Lame-ass headline aside ("He Was Nouveau When It Was New"... oh, NYT editors, you're so damn clever), it's a good overview of Robbe-Grillet's work as a writer. The later section of the piece examines the influence of
Last Year at Marienbad, his '62 collaboration with Alain Resnais, which is well worth tracking down -- that is, if you have a taste for 60s-era arty-farty films.
Marienbad (as well as Resnais' earlier film
Hiroshima mon amour), is basically the modern template for the pretentious art film, but if you're game, there are few better pieces of willfully demanding art to surrender yourself to.
A dreamlike, fragmented narrative, “Last Year at Marienbad” opened in New York in 1962. The style, “with its use of glamorous, glazed-looking actors framed in mannerist poses within the glittering, implicitly decadent mirrored salons of a luxe European hotel, may no longer dazzle audiences that have seen it cribbed (and spoofed) by countless perfume ads and rock videos,” Mark Harris wrote in The New York Times last month. But its “nightmarishly looping, repetitive semi-narrative, drenched in incantatory voice-over and toxically discordant organ music, is as disturbing as ever and retains its power to frustrate anybody who hopes to shake loose some answers after 93 minutes.”

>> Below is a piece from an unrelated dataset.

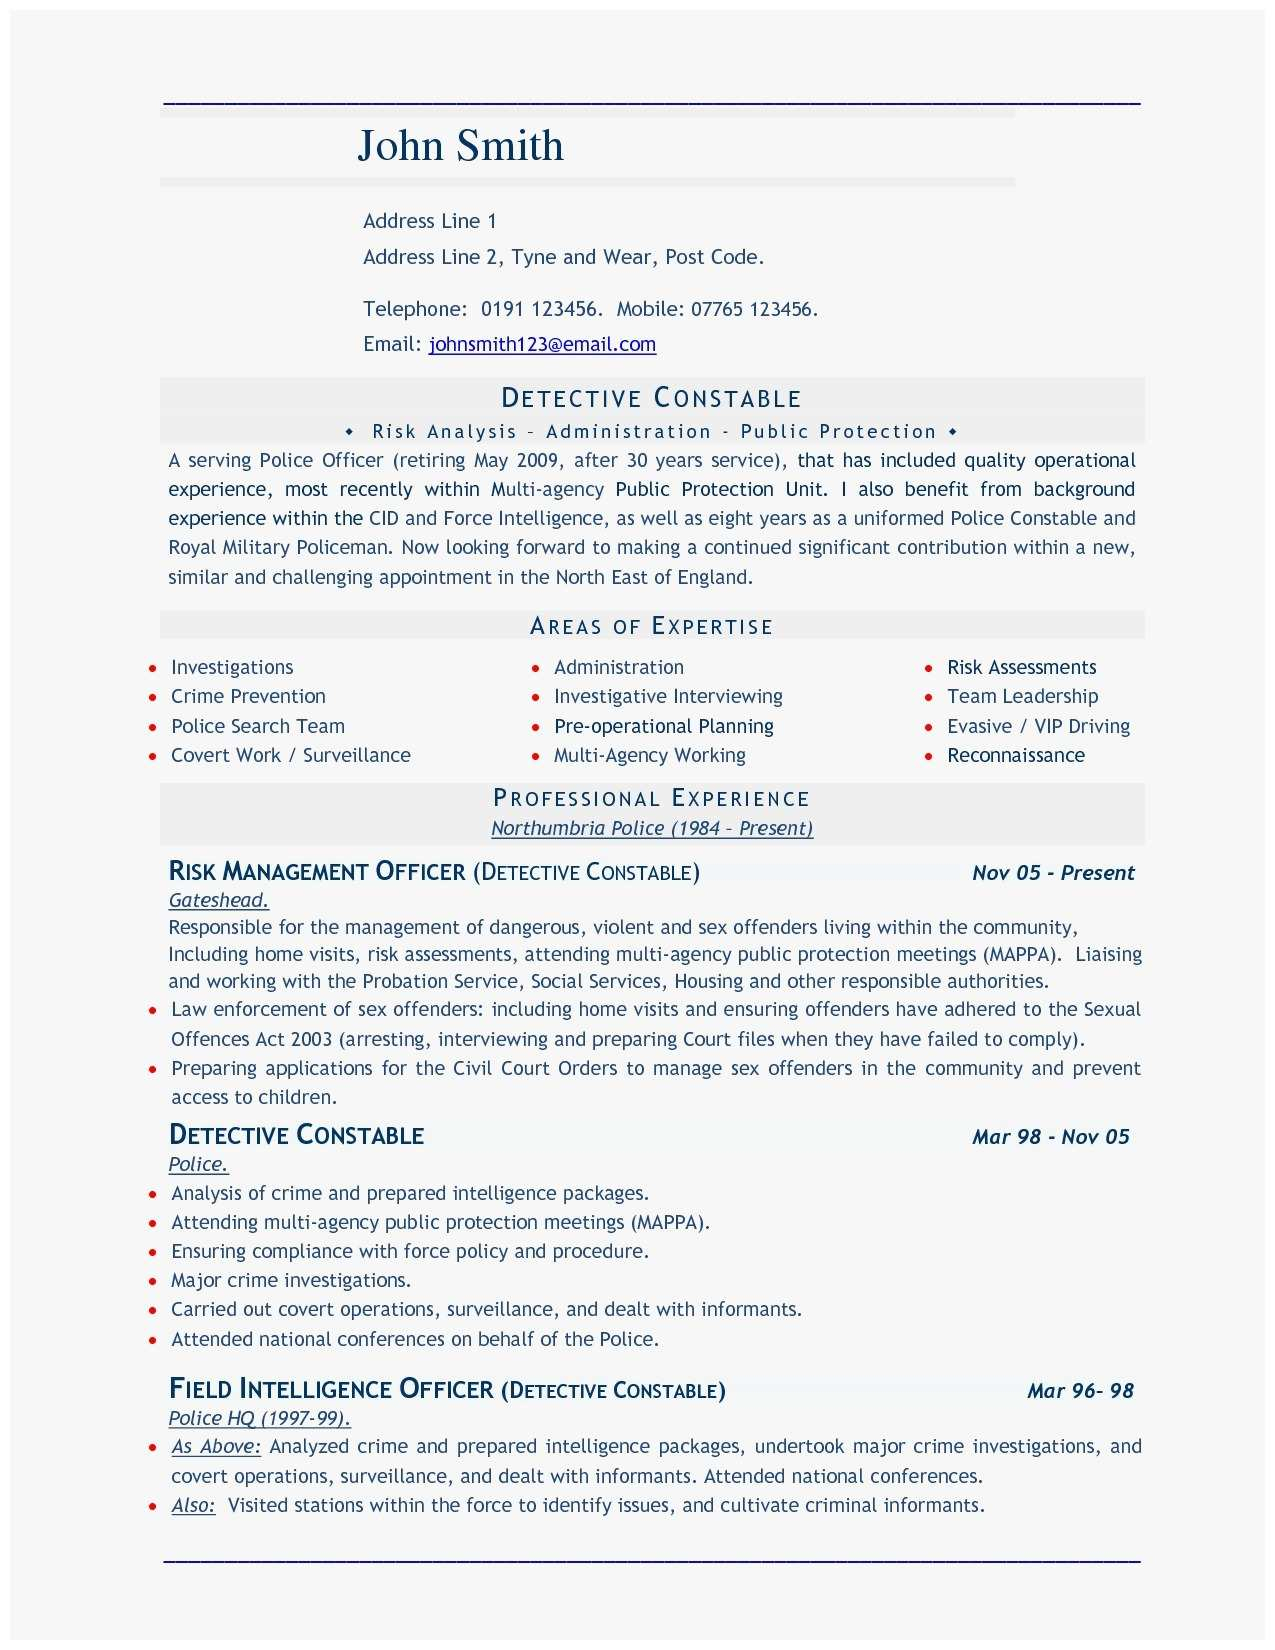 Resume Templates Word 2010 Fabulous Cv Format In Ms Word Regarding Resume Templates Word 2010

In an interview, P. Adams Sitney, a Princeton film professor, called the film “an extremely abstract version” of Hitchcock’s “Vertigo,” in which a woman “disappears and maybe dies and yet transmographies into the land of the Nouveau Roman.” In his view, “the combination of Robbe-Grillet’s literary prestige and the innovative nature of ‘Marienbad’ was perfect for that moment in the history of taste.”